3.1.1. Electromagnetic Field Equation Model

H-formulation is used to solve the magnetic field, and the two-dimensional Maxwell equations are used as the governing equations. The governing equations are derived from Maxwell’s equations for cylindrical coordinates [15,16] as

$$\begin{array}{l}\{\begin{array}{l}\mu \frac{\partial H_r}{\partial t}-\frac{\partial E_{\varphi }}{\partial z}=0\\ \mu \frac{\partial H_z}{\partial t}+\frac{1}{r}\frac{\partial \left(r{E}_{\varphi }\right)}{\partial r}=0\end{array}\\ J=\frac{\partial H_z}{\partial r}-\frac{\partial H_r}{\partial z}\end{array}$$

(3)

3.1.2. Heat Transfer Model

The heat transfer model adopts the law of heat conduction [17], and its form is shown as:

$$\rho C_{\mathrm{p}}\frac{\partial T}{\partial t}+\nabla \cdot \left(-k\nabla T\right)+\rho C_{\mathrm{p}}u\cdot \nabla T=Q$$

(4)

where ρ is the density of the material; C_p and k are the specific heat capacity and thermal conductivity of the material, which are related to the physical properties of the material, and are quantities that change with time, temperature, or other parameters; u is the external field dependent variable, and the common quantities are speed, etc.; T is the Kelvin temperature; Q is the source term and represents the heat flux density. The heat source of superconducting the magnet mainly comes from the AC loss of the magnet, the eddy current loss of the metal structure, and the heat leakage of the current lead and Dewar. In this model, ignoring the influence of the external field, it is considered that the heat source mainly comes from the AC loss of the superconductor and the resistance heat of each part.

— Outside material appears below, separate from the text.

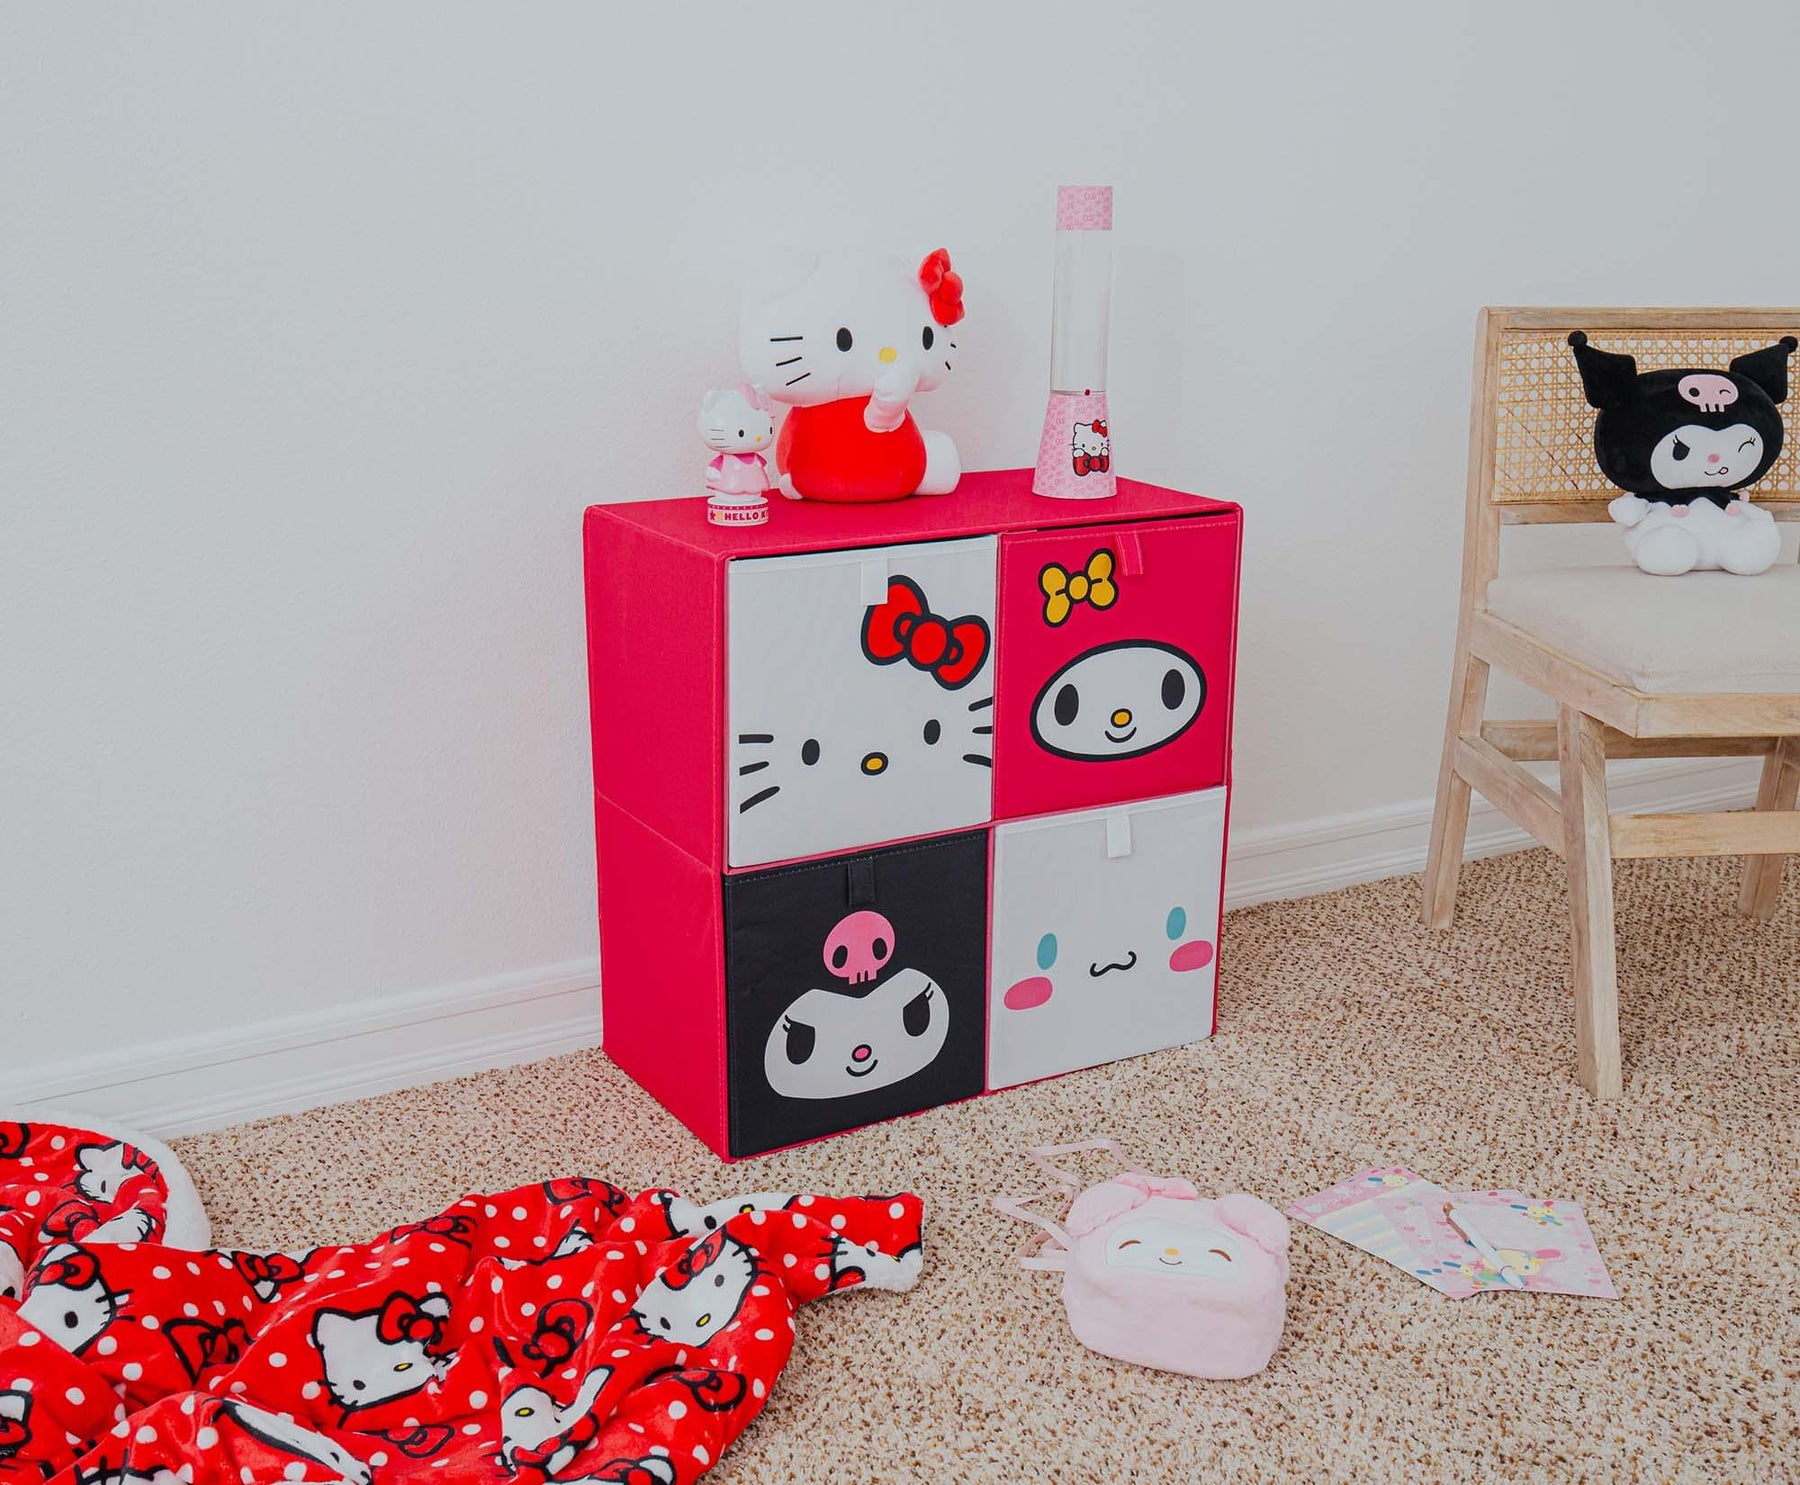 Sanrio Hello Kitty and Friends 11-Inch Storage Bins | Set of 4

3.1.3. Electromagnetic-Thermal Coupling Model

Magnetic field and temperature both have an impact on tape’s critical characteristics. Considering them together, a Kim-like model [18] that can be used to describe the anisotropic tape, as shown in (5). B_⊥ and B_// represent the magnetic field perpendicular and parallel to the tape direction, respectively. A, b, and B₀ are the characteristic parameters of the tape, which can be obtained by fitting the data of the critical current from the experiment, generally 0 < a < 1. J_c(T) is the critical current density of the tape at 77 K. E-J characteristics can be expressed by a power exponential function.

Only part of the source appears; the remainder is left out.